Problem: All of the data should be output character for character, except the pictures.
══ Raw data
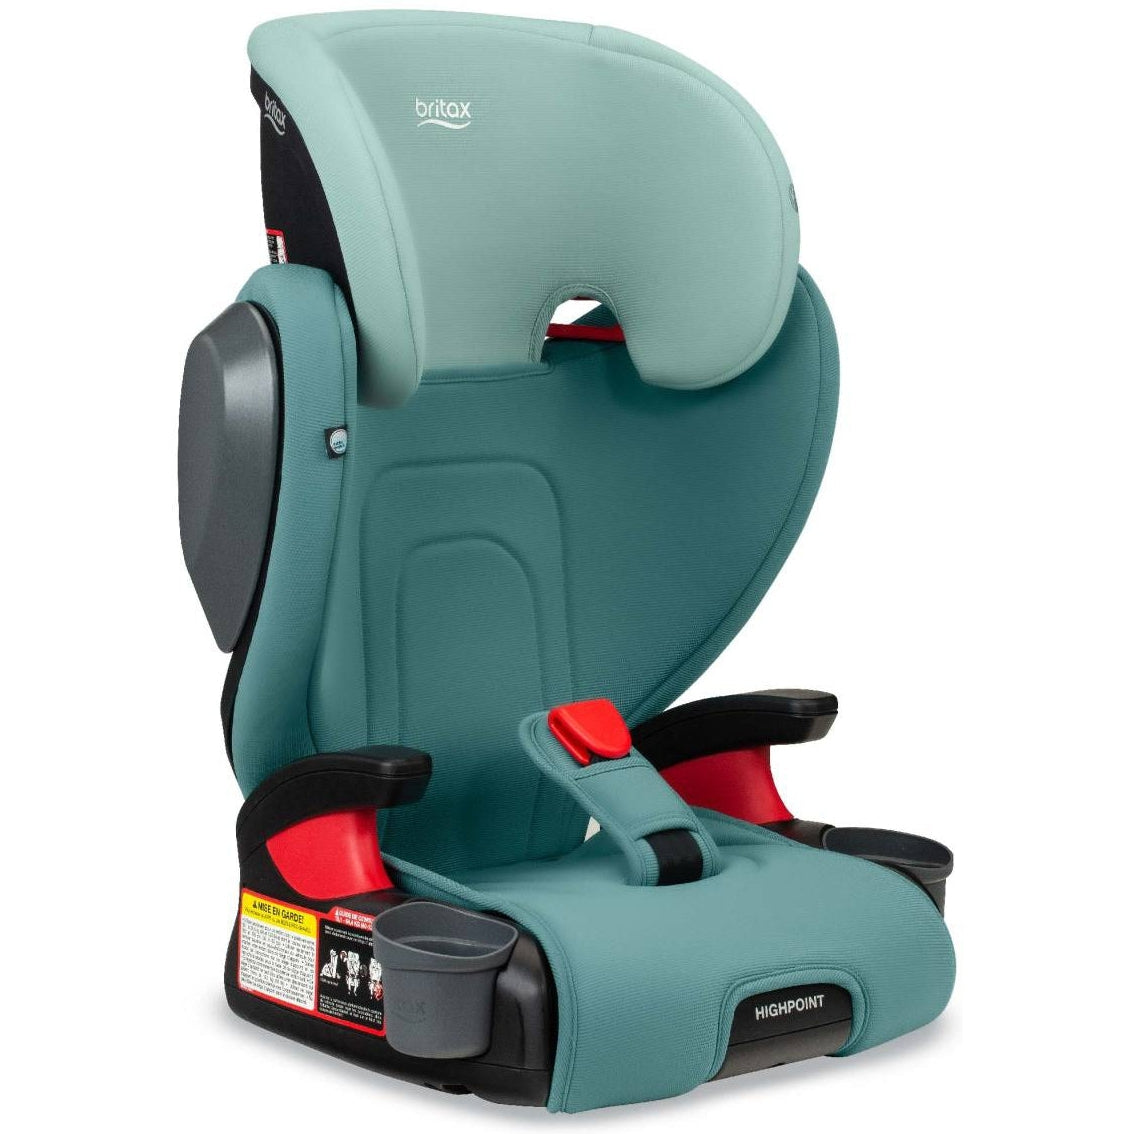 Buy green-ombre Britax Highpoint Backless Belt-Positioning Booster Seat with Safewash
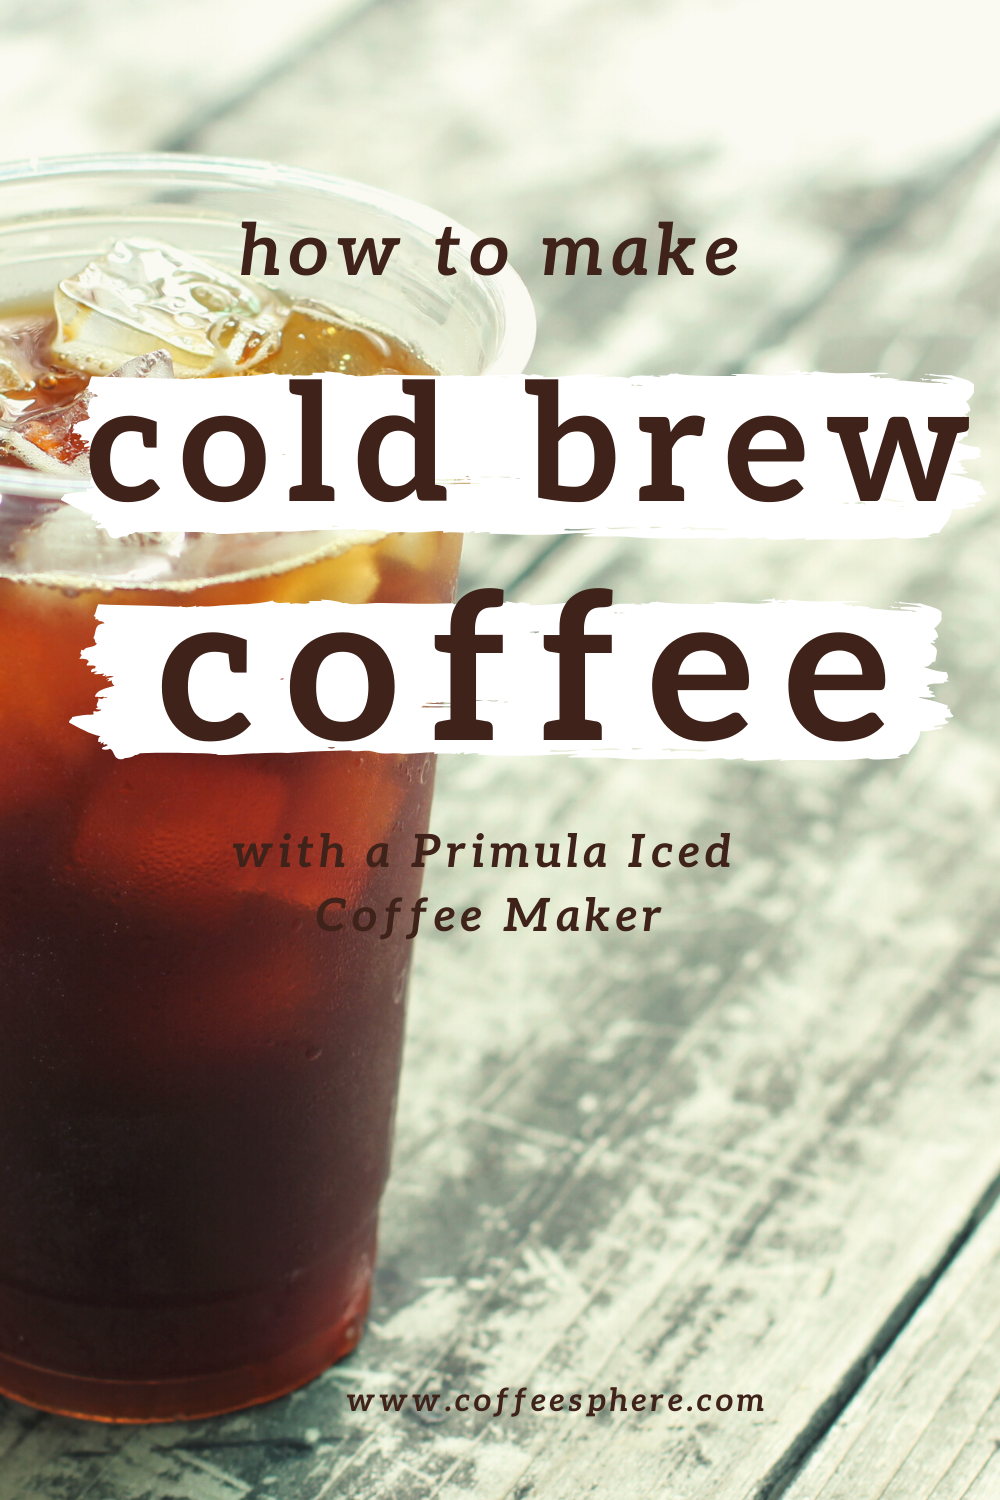 How To Make Cold Brew Coffee With Primula Iced Coffee Maker 
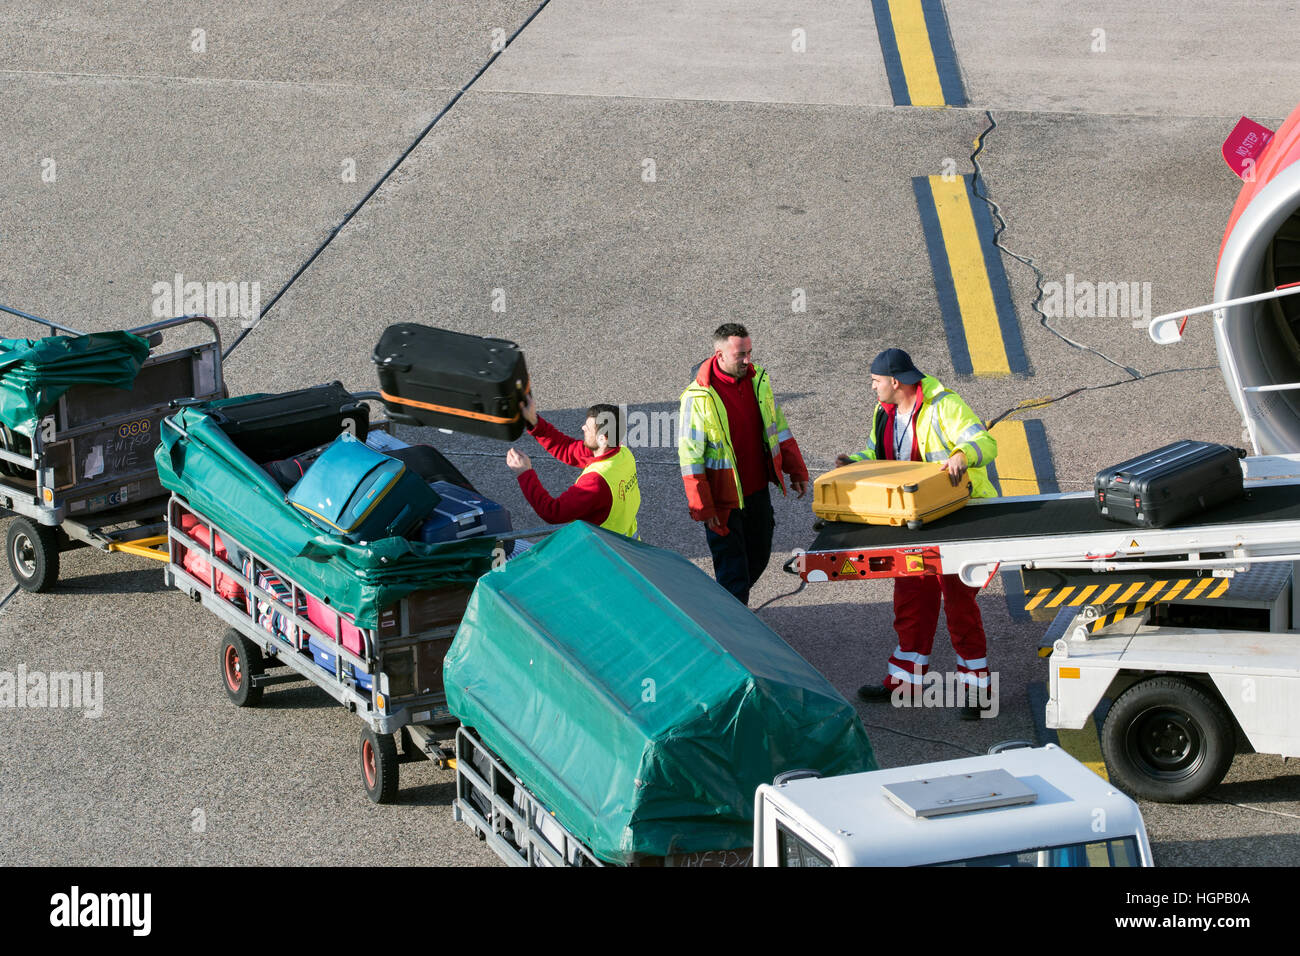 Baggage handlers unloading luggage from an airplane at Dusseldorf airport. Stock Photo
════
Answer:
 Buy green-ombre Britax Highpoint Backless Belt-Positioning Booster Seat with Safewash
 How To Make Cold Brew Coffee With Primula Iced Coffee Maker 
 Baggage handlers unloading luggage from an airplane at Dusseldorf airport. Stock Photo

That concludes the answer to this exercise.